Reproduce, exactly and only, the lines of the data that follows from the one containing "Double Chocolate Tart" down to the one containing "Bota Feminina Cano", without pictures.

◆ **Information shown**
[Start of Attachment]

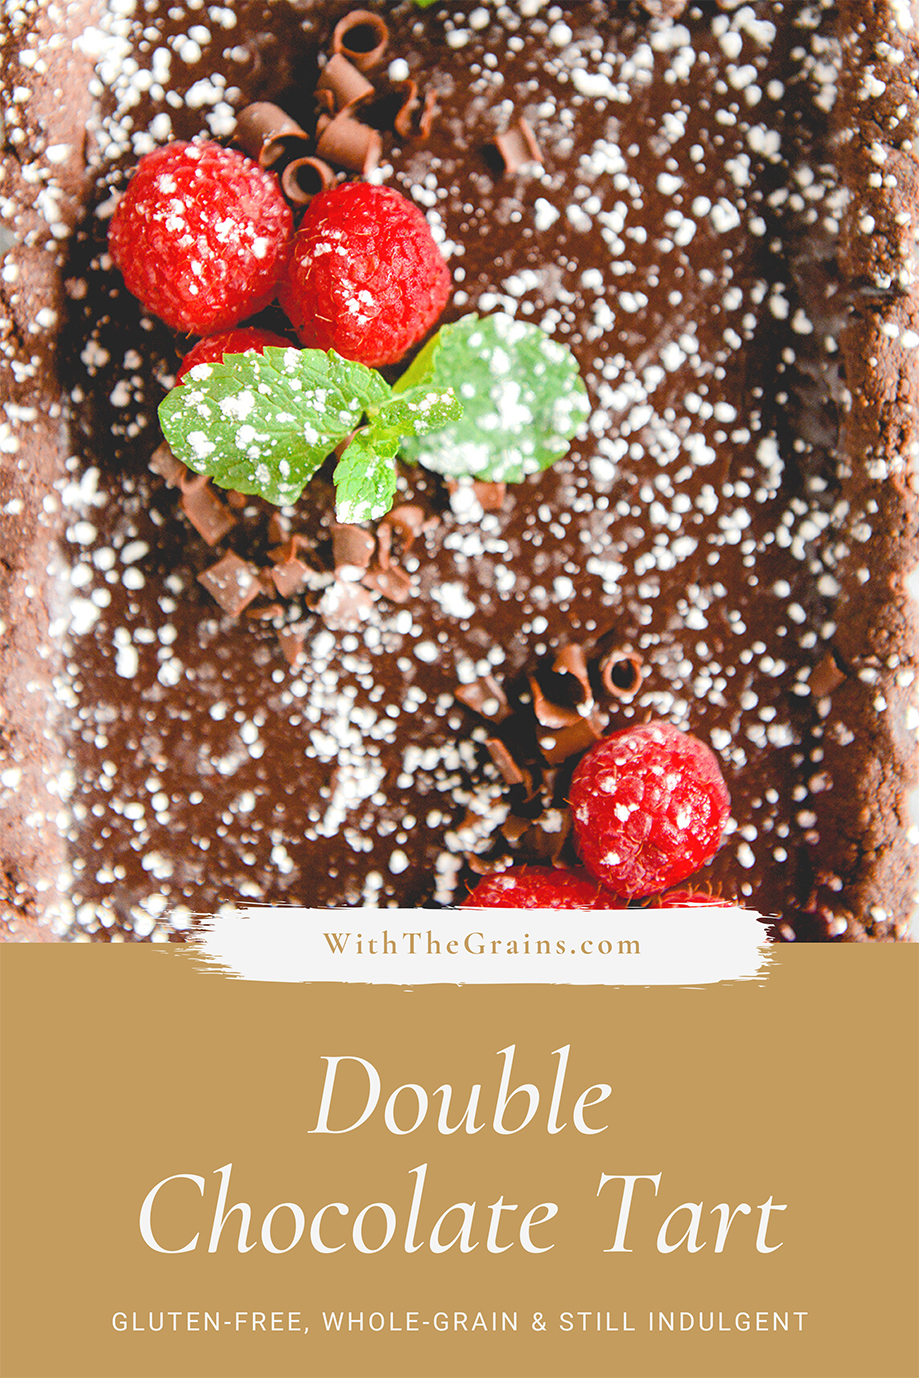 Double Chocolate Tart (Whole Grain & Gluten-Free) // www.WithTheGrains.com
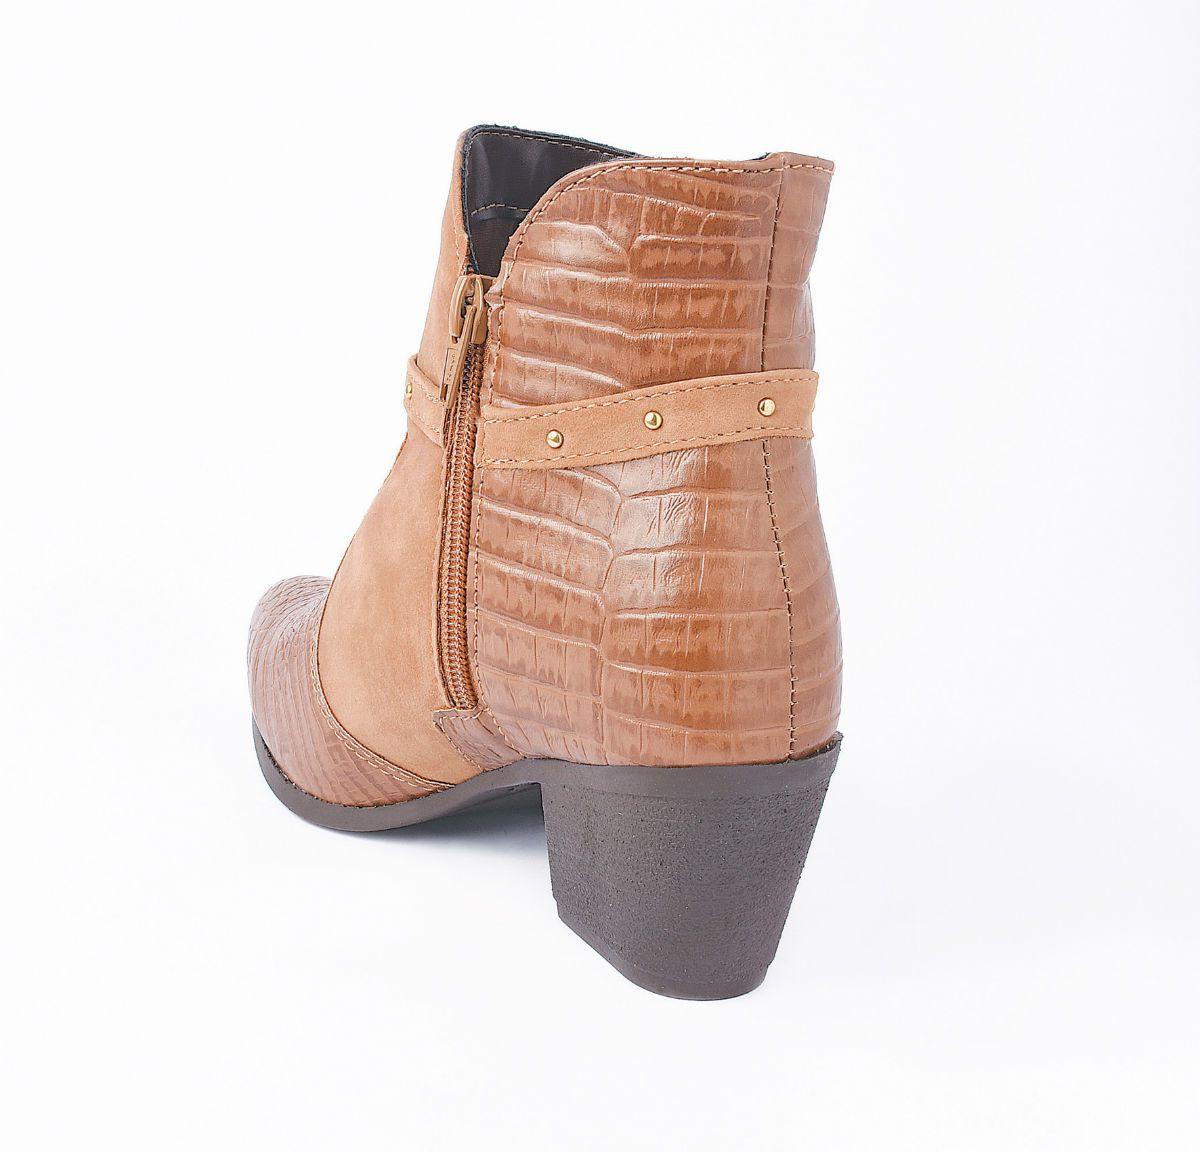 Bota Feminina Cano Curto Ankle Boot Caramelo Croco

[End of Attachment]
[Start of Attachment]

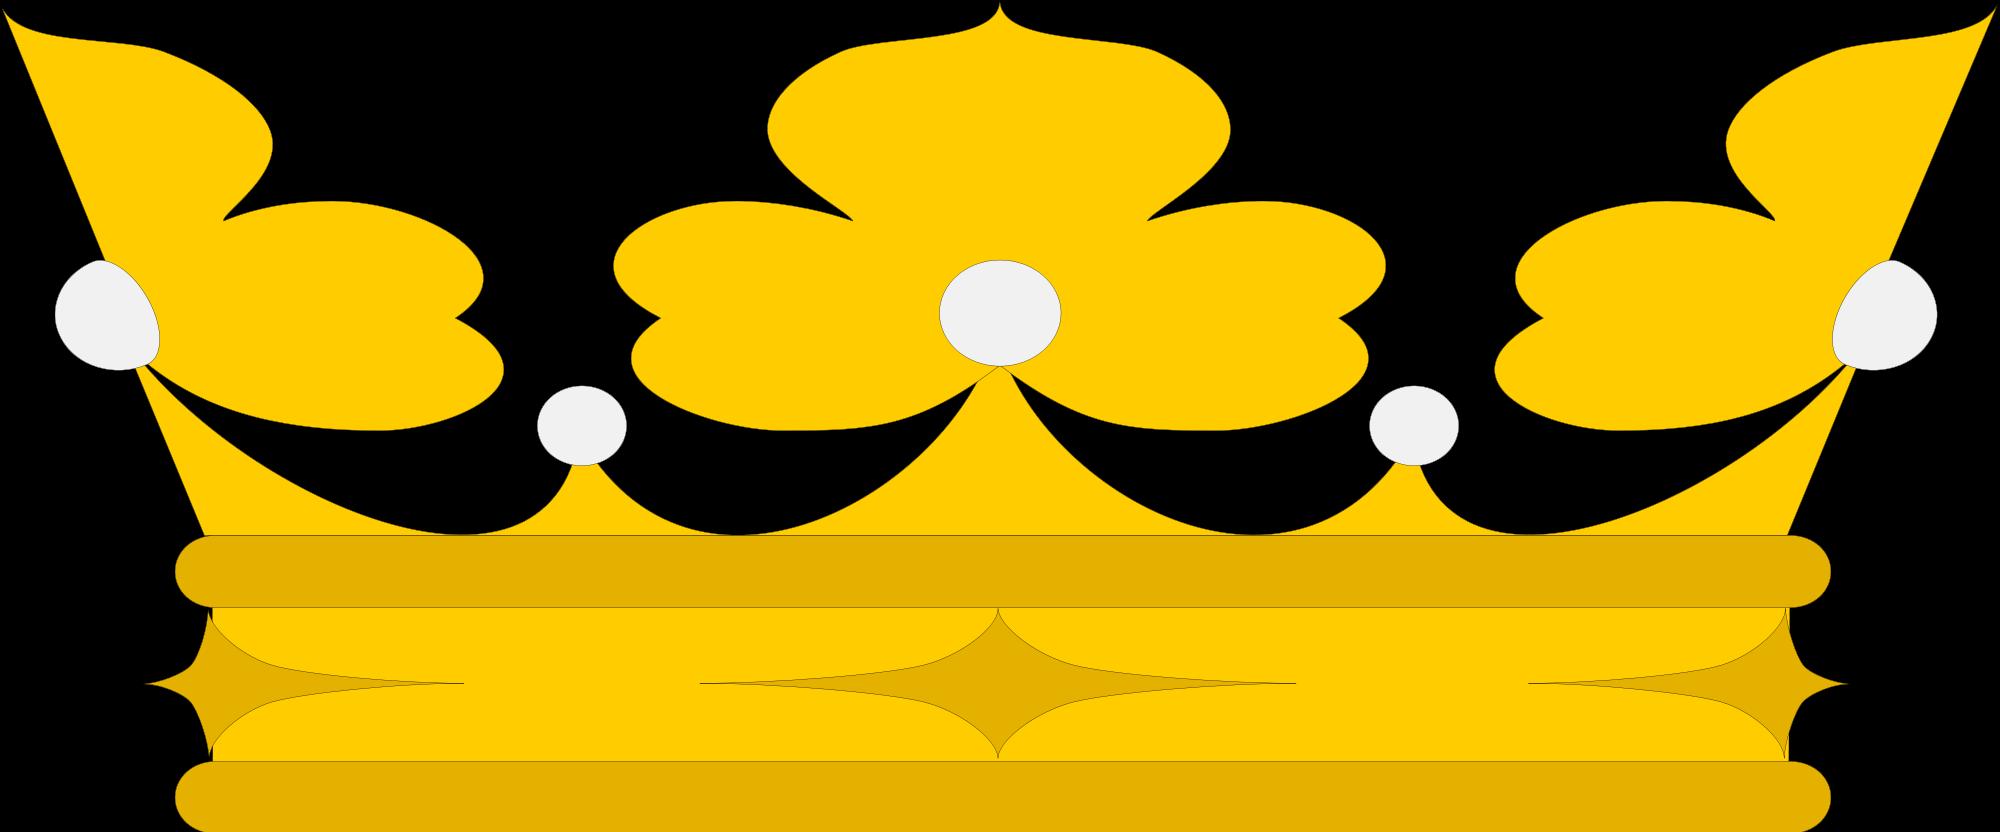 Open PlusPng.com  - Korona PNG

[End of Attachment]
[Start of Attachment]

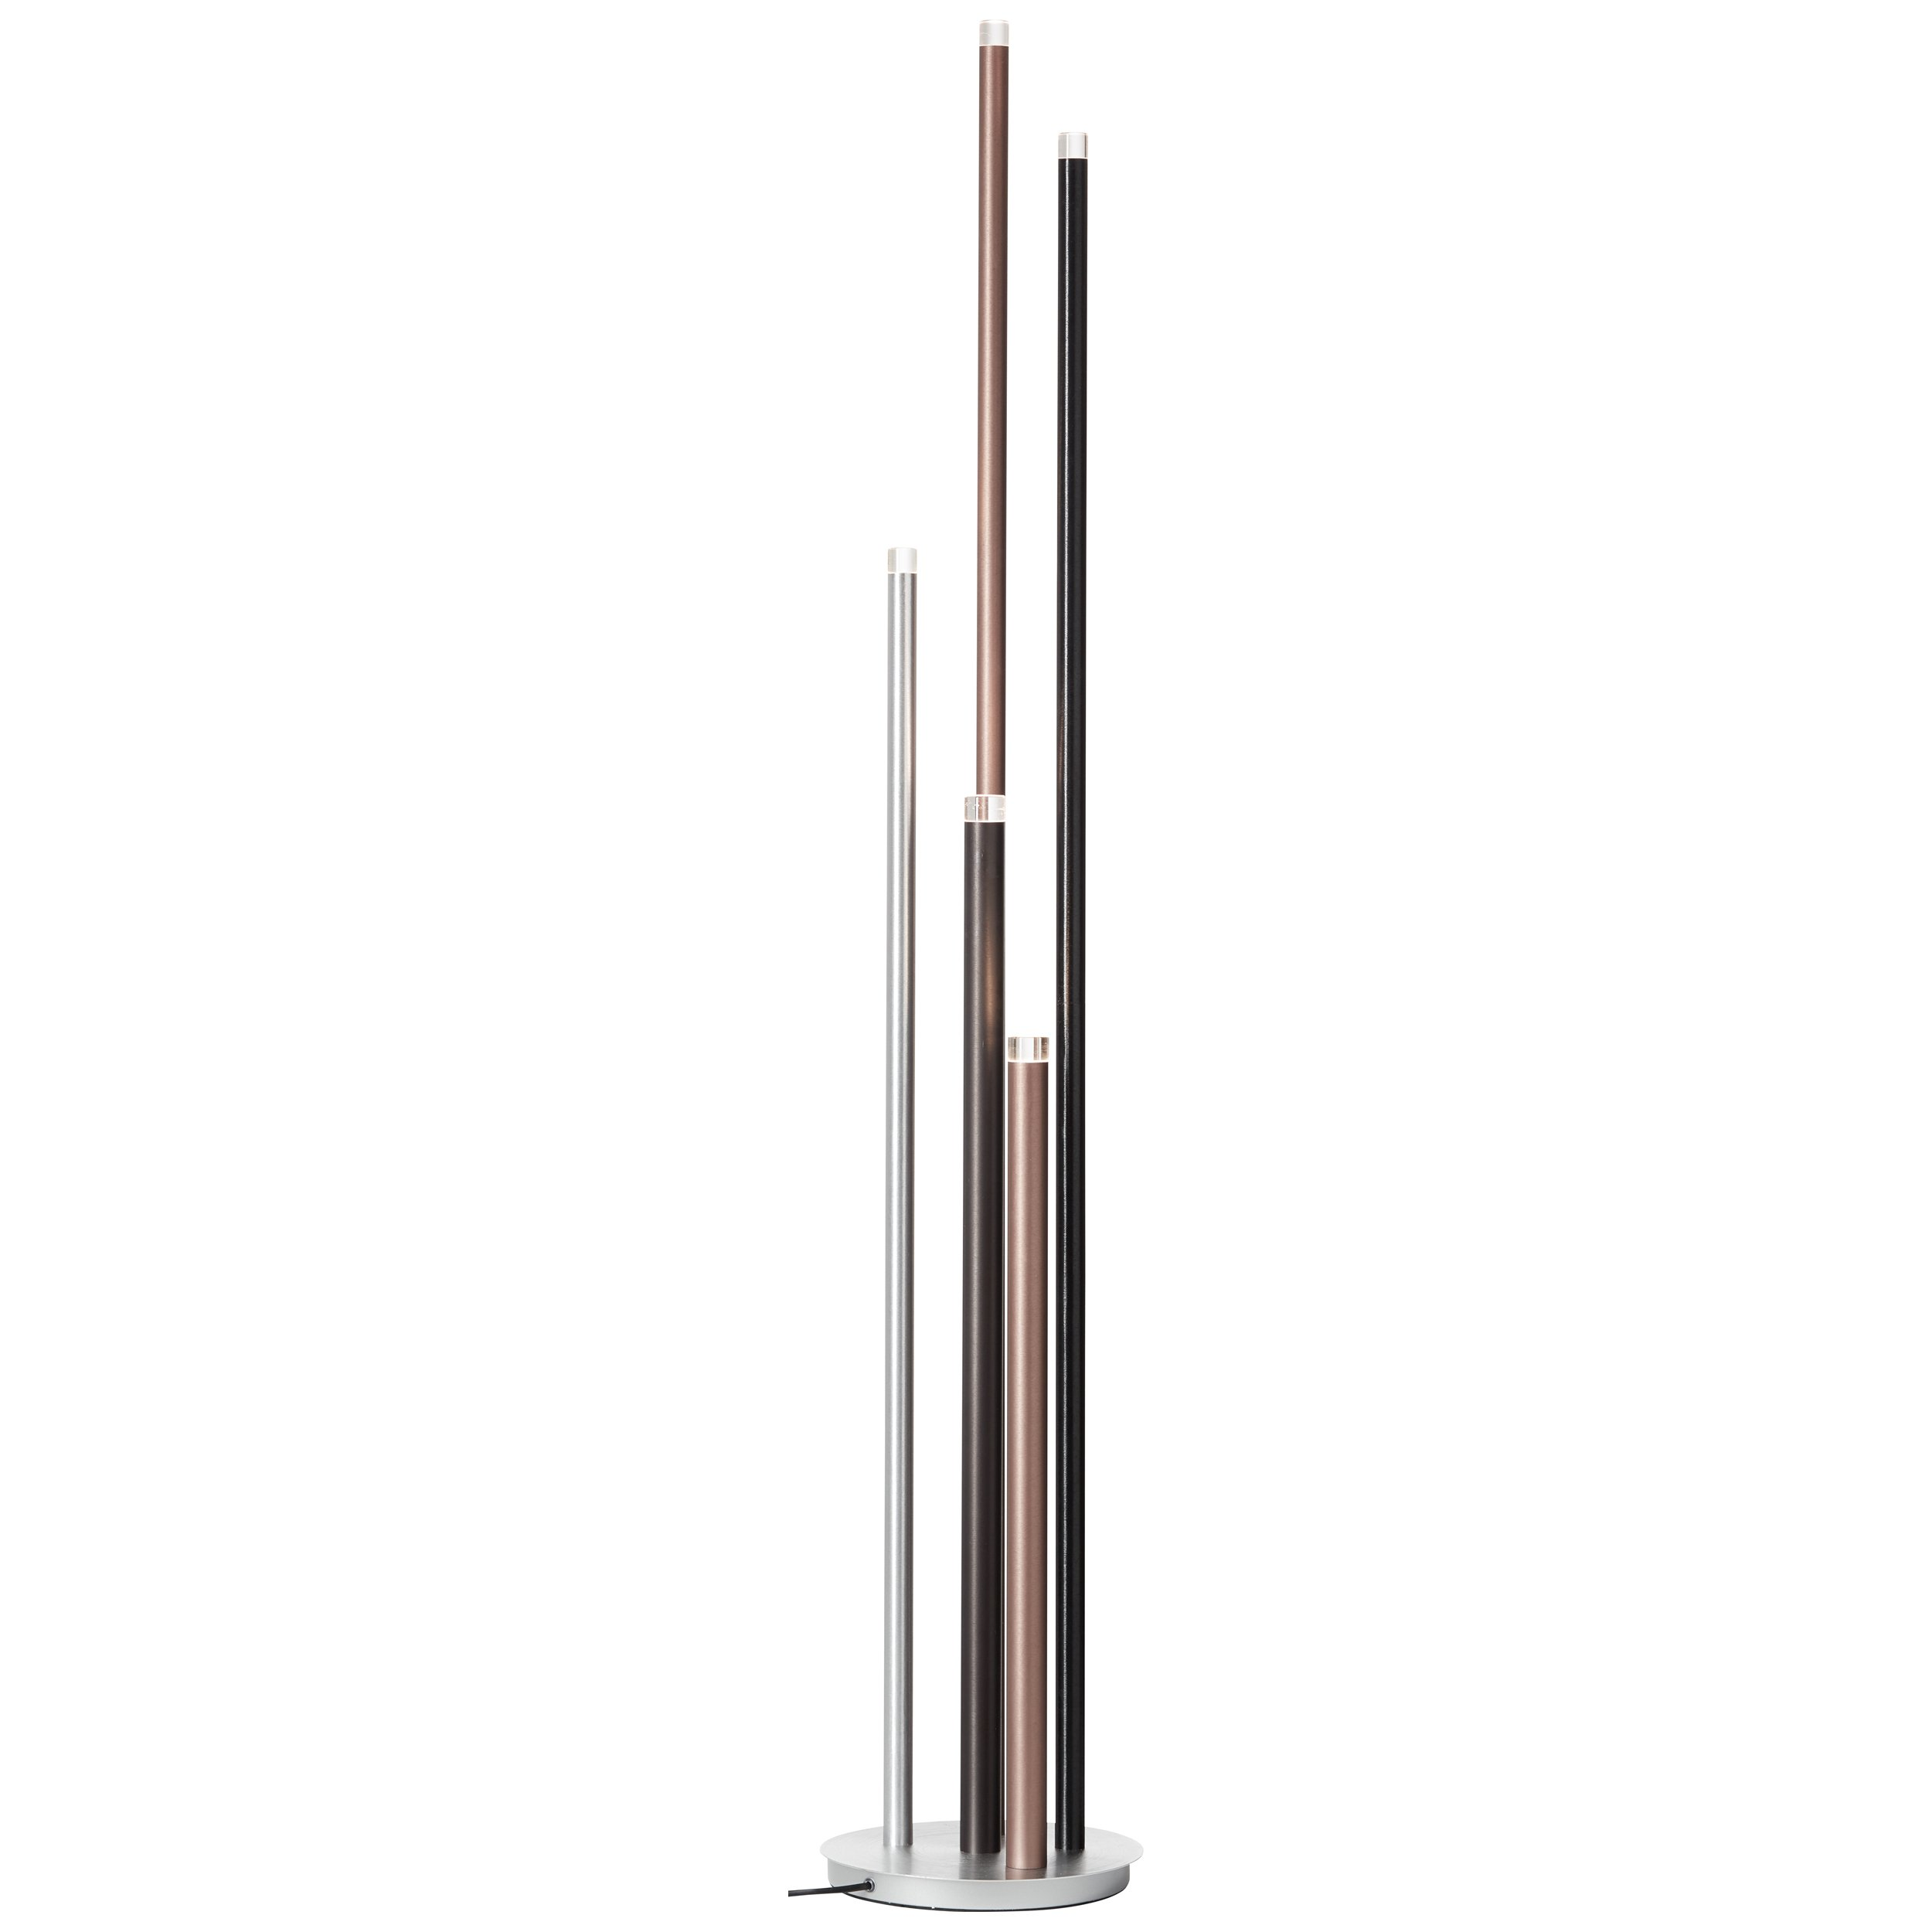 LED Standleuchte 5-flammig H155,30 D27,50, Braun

[End of Attachment]

◆ **Output**
 Double Chocolate Tart (Whole Grain & Gluten-Free) // www.WithTheGrains.com
 Bota Feminina Cano Curto Ankle Boot Caramelo Croco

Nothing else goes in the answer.